Les humains ont la peau fine. Littéralement.
Très vite, j’ai dû fuir. Un mouchoir blanc m’a happé, froissé, enfermé. Fin de vol. J’étais piégé dans un cercueil parfum mentholé.
C’est là que j’ai commencé ce journal.
JOUR 2
J’ai entendu les nouvelles. L’ambroisie est fichée. Liste noire des plantes invasives. Classée comme menace sanitaire. Des campagnes d’arrachage sont organisées chaque été. Il y a même des Journées de lutte contre l’ambroisie. Quelle gloire pour une plante qui, rappelons-le, était à la base… juste une mauvaise herbe.
Mais nous sommes tenaces. Notre pollen est ultra-léger. Il peut voyager jusqu’à 100 km porté par le vent. Chaque plant peut produire jusqu’à un milliard de grains. Vous imaginez ? C’est plus que la population mondiale. Et tout ça sans marketing.
En plus, on n’a pas besoin d’insectes pour être pollinisés. Pas de rendez-vous galant avec les abeilles. Pas de nectar à offrir. Juste le vent, et nous. C’est brut, efficace. Darwin en serait jaloux.
JOUR 4
Je vais être honnête. Parfois, je culpabilise. Je sais que j’ai provoqué des crises d’asthme. Que je ruine les rentrées des enfants allergiques. Que je coûte cher à la sécurité sociale. Mais… est- ce vraiment ma faute ?
Je n’ai pas choisi d’être ambroisie. C’est vous, humains, qui m’avez importée d’Amérique au XIXe siècle, sans me demander mon avis. C’est vous qui avez bouleversé les écosystèmes, labouré les sols, laissé les talus à l’abandon. Je n’ai fait que pousser.
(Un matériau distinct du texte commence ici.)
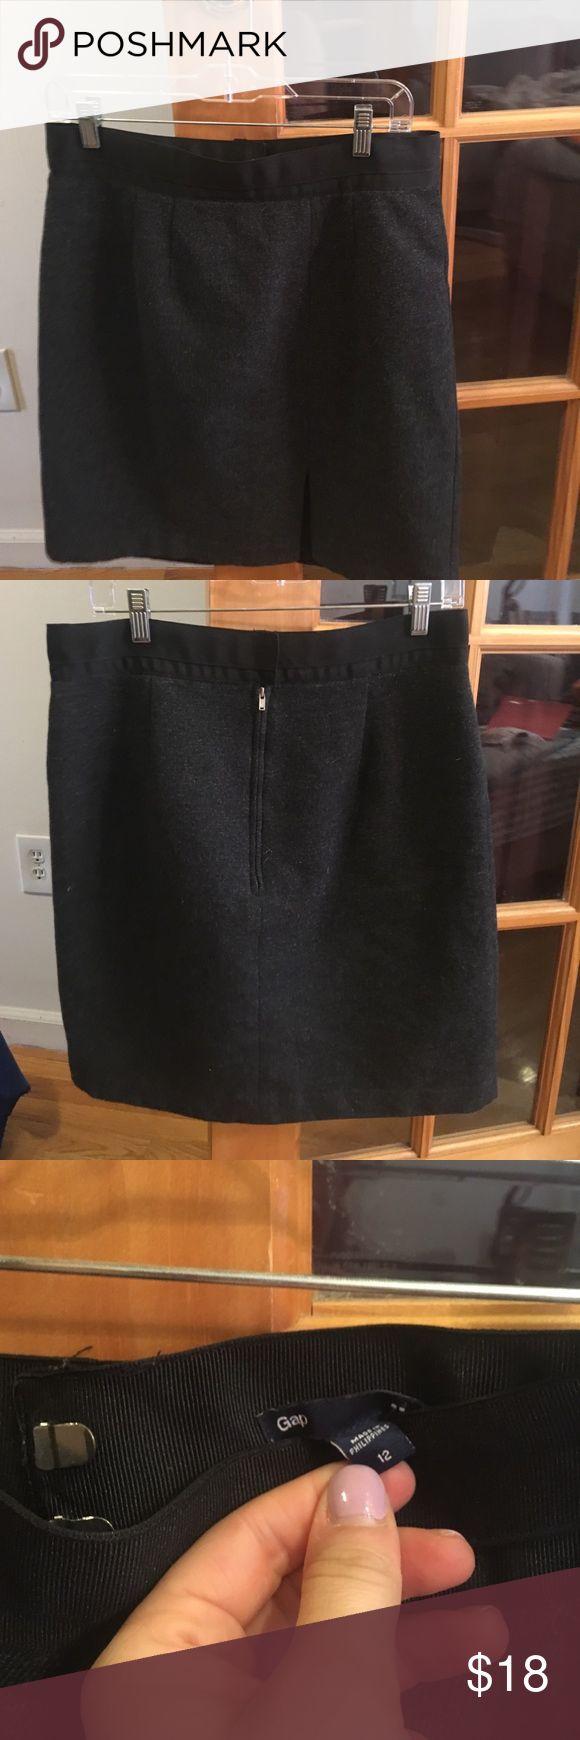 Selling this Gap Wool blend skirt sz 12 on Poshmark! My username is: msull15. #shopmycloset #poshmark #fashion #shopping #style #forsale #GAP #Dresses & Skirts

C’est dans ma nature.
Alors oui, j’ai conquis les bords de route, les champs de tournesols, les terrains vagues. Mais c’est parce que je suis fort. Adaptable. Résilient.
Ce n’est pas moi qu’il faut accuser. C’est le déséquilibre que vous avez créé. JOUR 6
Aujourd’hui, je sens que je vais sécher. Ma fin est proche. Le mouchoir est froissé, oublié au fond d’une poche. Je m’effrite lentement.
Mais je veux croire que mon journal servira. Que quelqu’un me lira. Que quelqu’un comprendra.
Je ne suis pas un monstre. Je suis un avertissement. Une poussière de chaos. Un souffle de trop.
Je suis l’ambroisie. Si vous croisez un plant solitaire qui vous regarde de travers en juillet… ne lui parlez pas. Arrachez-le, signalez-le, et courez. Vite. C’est peut-être un de mes cousins.